_SUPPLIED DATA:_
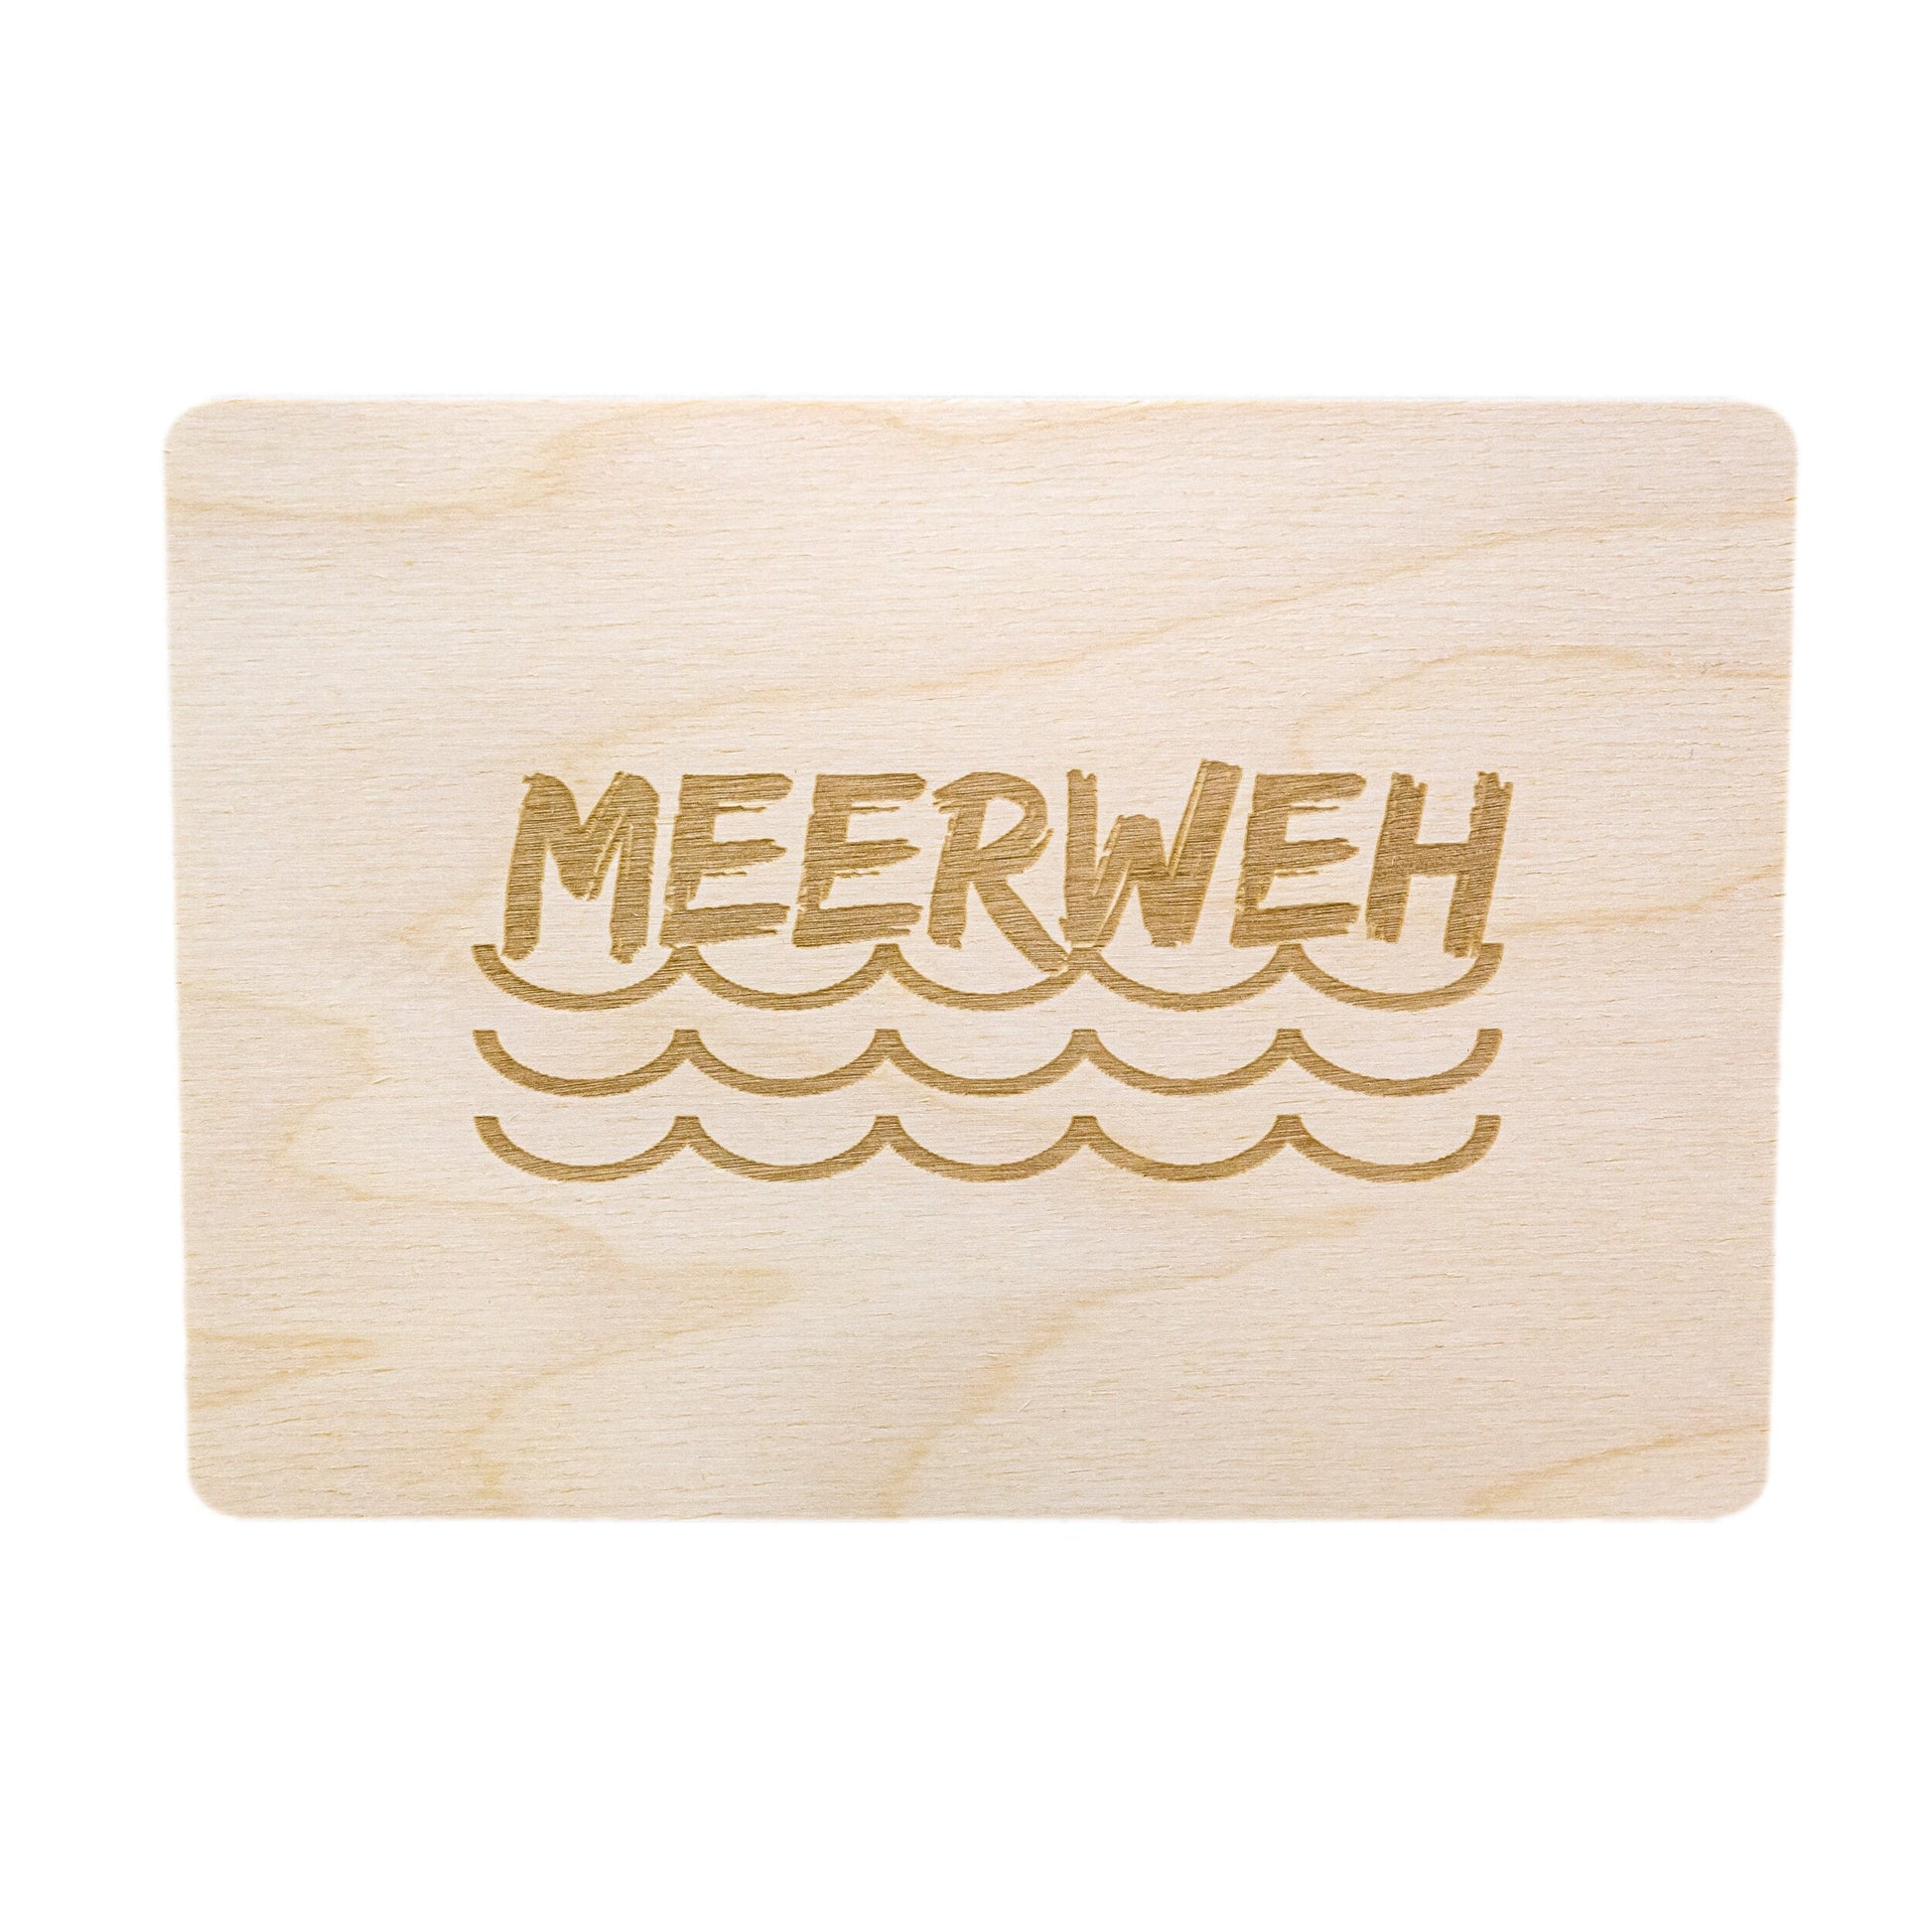 Holzpostkarte • Meerweh • maritim • Holzkarte • Postkarte mit maritimem Motiv - Lasergravur
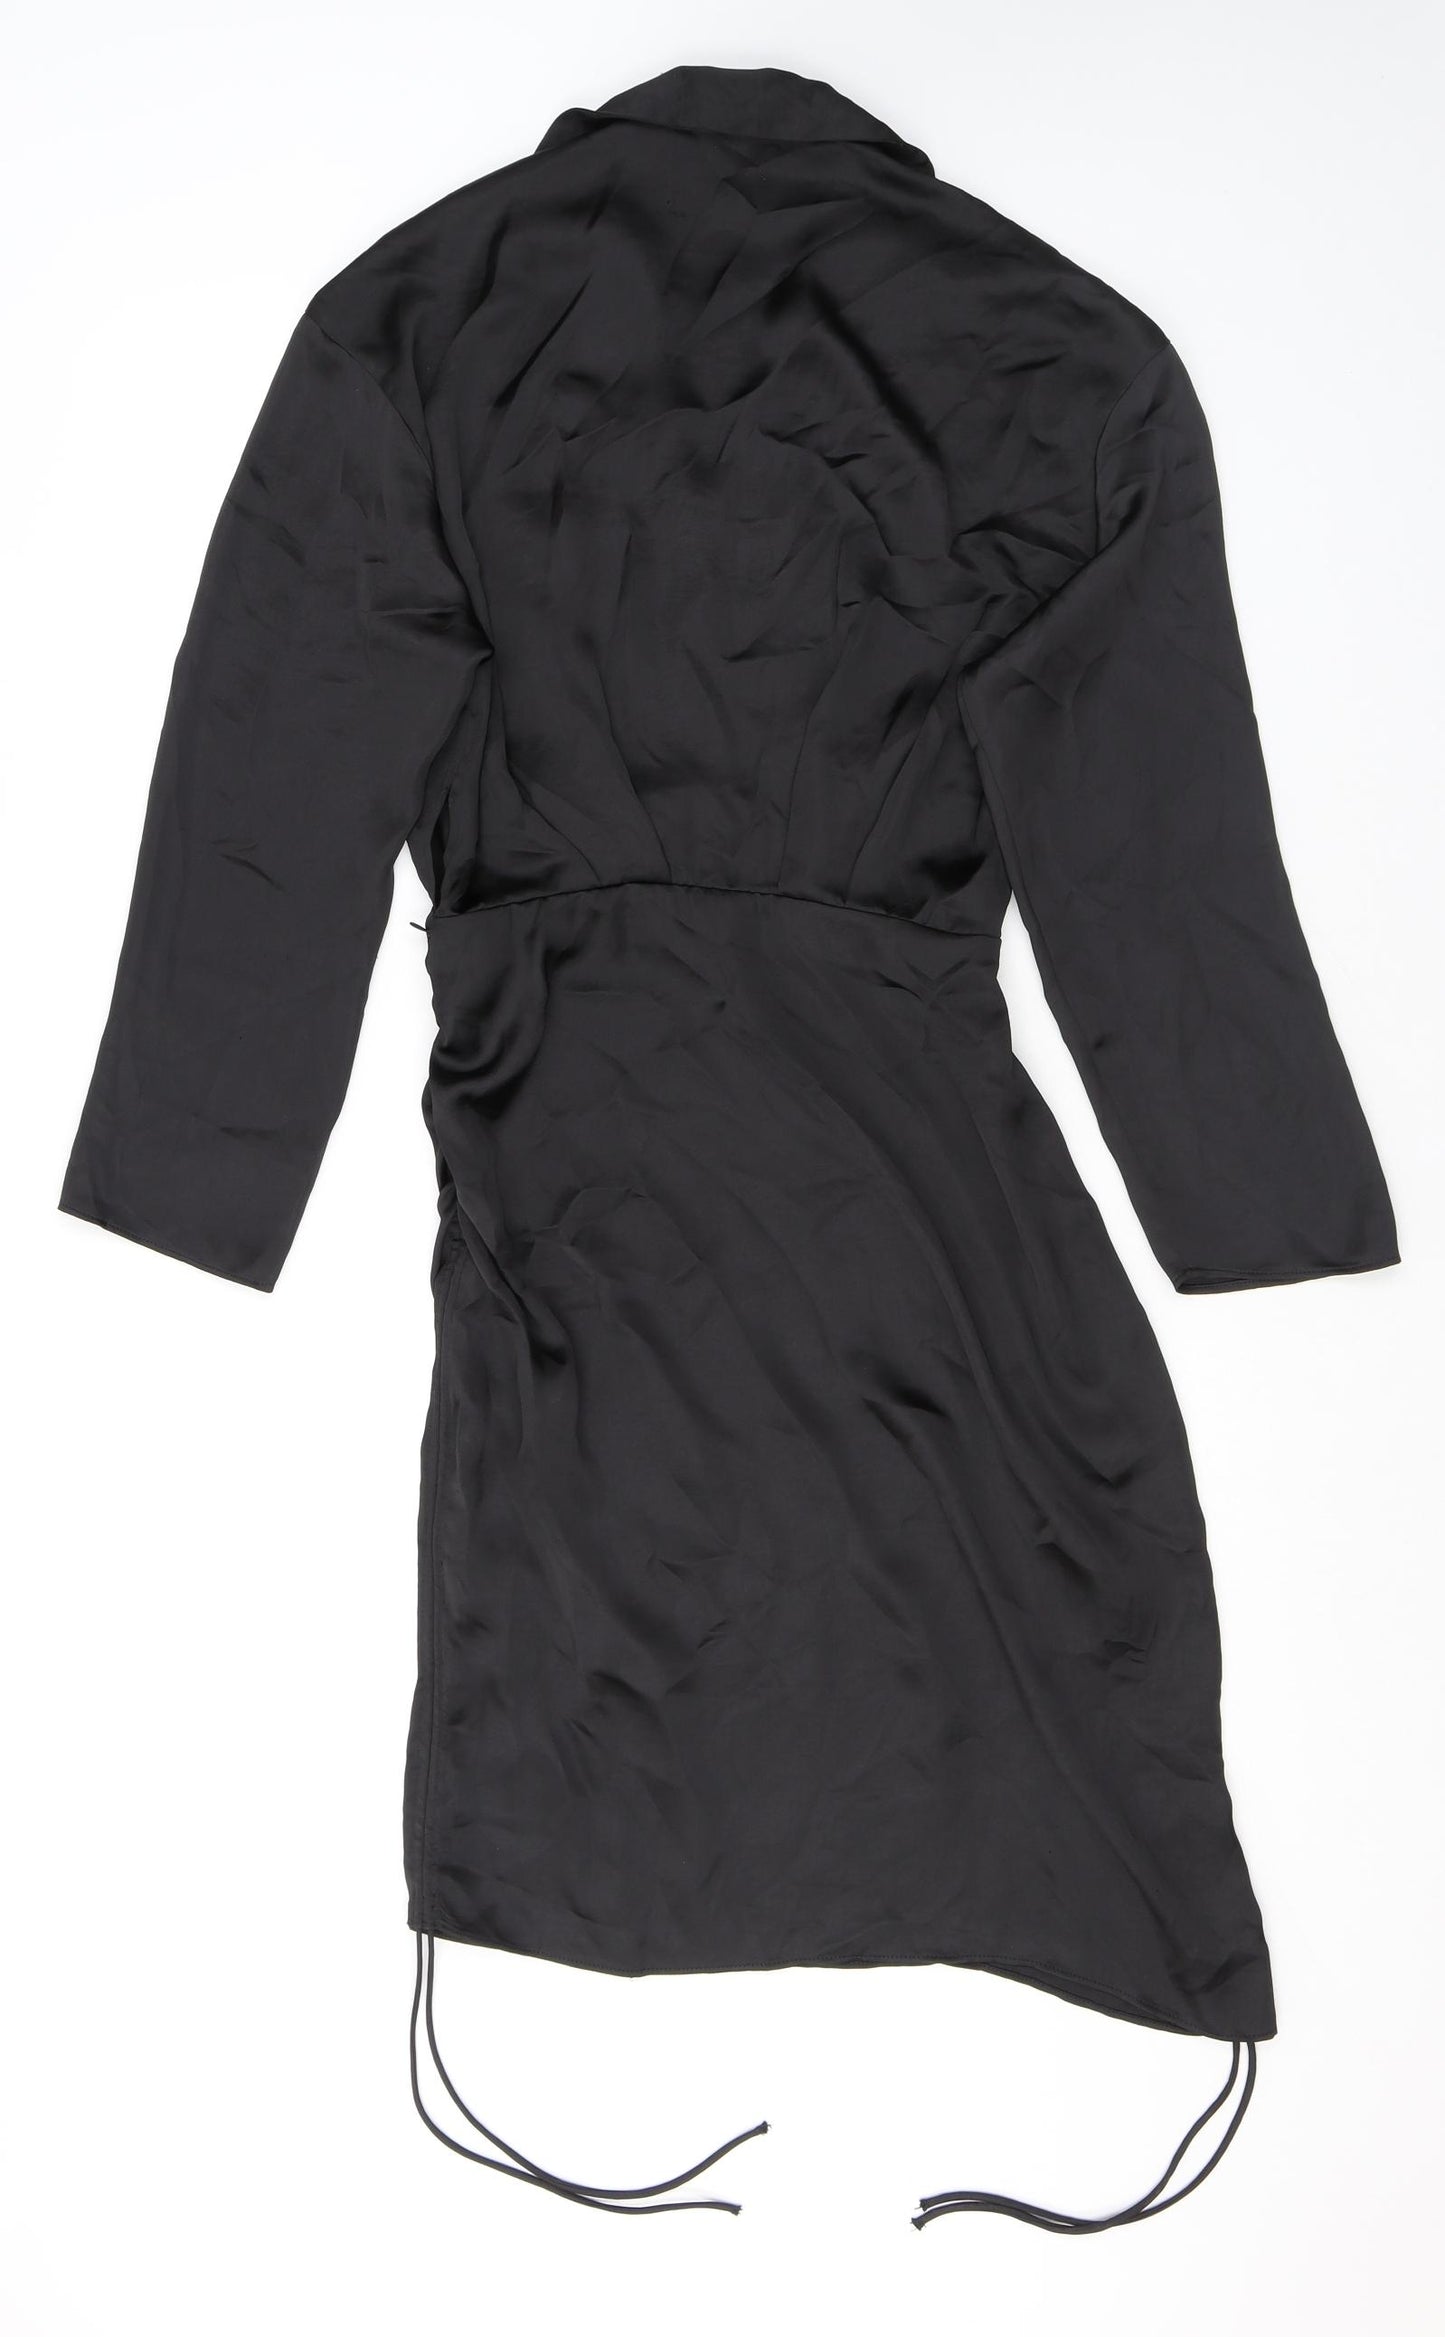 Zara Womens Black Polyester Shirt Dress Size S Collared Pullover - Drawstring Detail
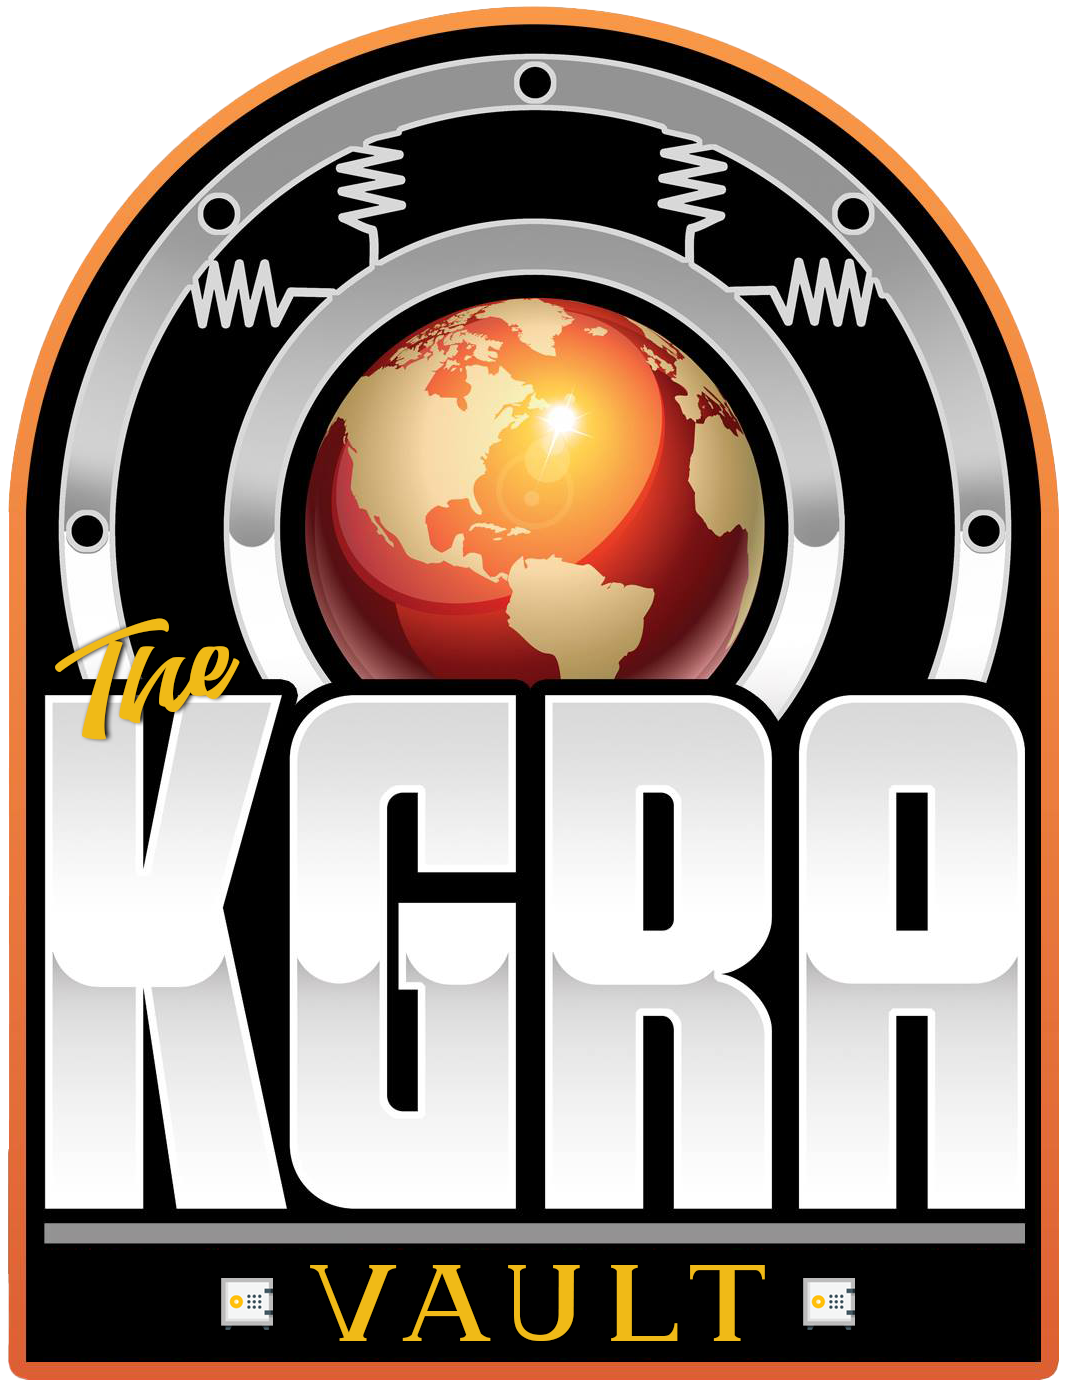 KGRA Vault - Archives & Klassics

_TASK ITEM:_ Please give back the data above word for word, with no pictures included.

_SOLUTION TO THE EXERCISE:_
 Holzpostkarte • Meerweh • maritim • Holzkarte • Postkarte mit maritimem Motiv - Lasergravur
 Zara Womens Black Polyester Shirt Dress Size S Collared Pullover - Drawstring Detail
 KGRA Vault - Archives & Klassics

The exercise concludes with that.